Письмо М., написанное ее смелым, решительным почерком, комментирует, между прочим, мое стихотворение о нарушении табу бросанием камня в змею, которое она нашла в изданном в Польше «Свидетельстве поэзии», и прибавляет: «Но раз уж мы говорим о змее, напишу тебе о рыбах. В детстве я вошла в кухню, где прыгали живые, очищенные прислугой рыбы. Я всегда чувствовала близость к животным. И я принялась убивать их (из жалости), разбивая им голову об стену. Я вся была в их крови. Это была ситуация, из которой не было хорошего выхода. Но я задумываюсь, не была ли я потом, уже взрослой, как те воспитанники Сорбонны».
В нескольких фразах М. (наш юридический факультет растил людей выдающегося ума) дает историю свою и своей группы. Жалость к людям вела к ангажированности, которая не была хорошим выходом. А воспитанники Сорбонны, взросшие на философии Сартра, практиковали террор и геноцид в Камбодже.
Далее М. пишет:
Чтобы было веселей, напишу, как я тебя помню. Спуск из зала Снядецких, ты летишь во главе группы рабочих и студентов, прогоняя эндецких штурмовиков, которые хотели разогнать вечер поэзии разных народов. У тебя такая мина вурдалака, которую ты умел строить, зубы оскалены, глаза вытаращены, в руке обломки стула. И вопишь диким голосом.
Другая картинка: мы стоим у стола в Кружке правоведов и о чем-то спорим, не помню о чем – пожалуй, о политике, потому что ты говоришь мне со злостью: «Ты всегда была и останешься фанатичкой». Видно, попал в точку, если я это помню. Я пережила два фанатизма, на третий меня не станет. Это результат не только старости, но еще и литературы, которая сопутствует мне с детства.
В другой части письма М. говорит о речи Бродского в Стокгольме в честь литературы:
Иосиф Бродский в своей Нобелевской сказал то, что я хотела тебе написать, только куда лучше.

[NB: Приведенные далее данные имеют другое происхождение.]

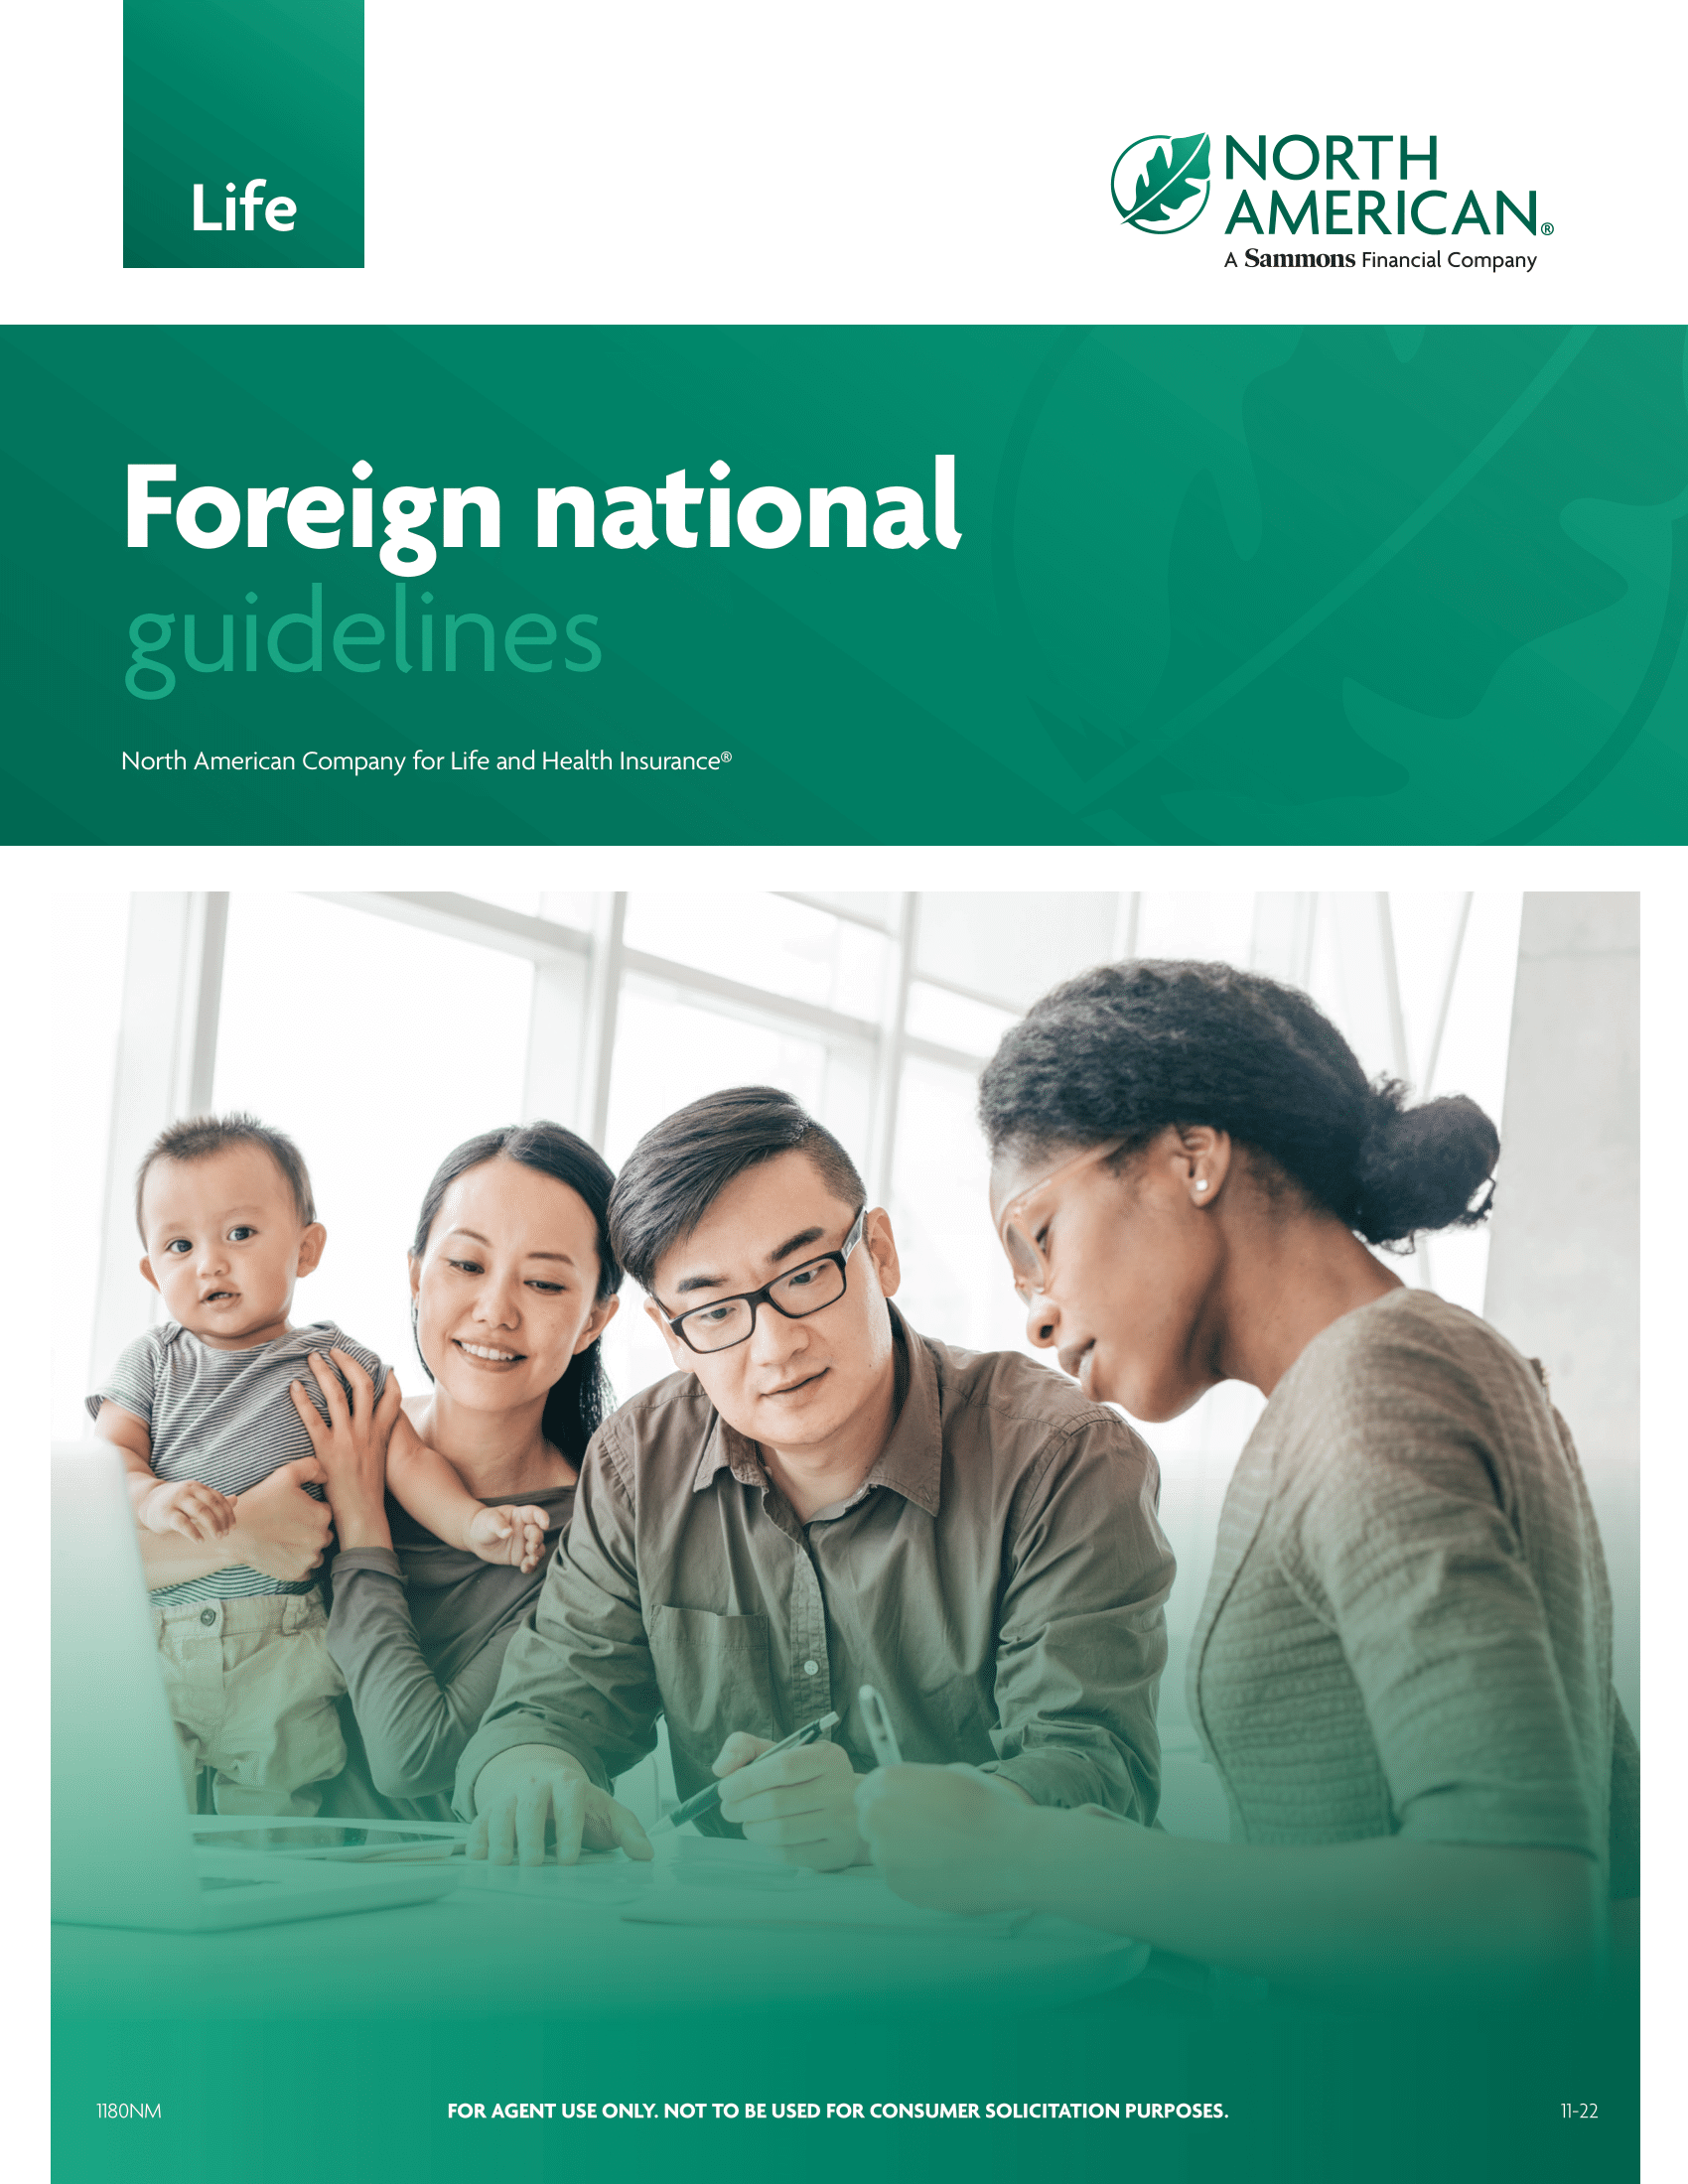 Foreign National Guidelines

То, что я думаю о них, этих девушках из Вильно, а ныне старых женщинах, собственно не поддается пересказу прозой, ибо так нагружено эллипсами и так многослойно, что потребовало бы какого-то особого рода любовной поэзии. Время в ней, наверно, отодвинулось бы в те годы, когда мы были в младших классах гимназии, когда М. убивала рыб в кухне, а Я. носила матросский воротничок формы школы сестер-назаретянок. Вероятно, в этих упорно возвращающихся образах общности через детство выражается моя тоска по возврату, по apokastasis, то есть начинанию заново, а значит, по моменту, когда еще ничто не должно было быть так, как стало позднее, когда мы еще (воображая себе какую-то совершенно иную эпоху, иные обычаи и т. д.) не должны были быть разделены. А кто знает, не рождается ли такая любовная поэзия из грез об «ангельском поле» Сведенборга, из желания полного отождествления, почти превращения в другого, не бесполо, а с проникновением также в его иной пол.
О письме Я., беспокоящейся о моем здоровье, лучше не писать. А то пришлось бы вытянуть сразу много нитей. Озадачивает меня ее постоянная минорная склонность к преуменьшению себя, вплоть до того, что, если ей верить, неправда то, что она обладает выдающимся умом и характером. А о себе, о своей болезни, о вероятности скорой смерти – всегда небрежно, как бы пожимая плечами.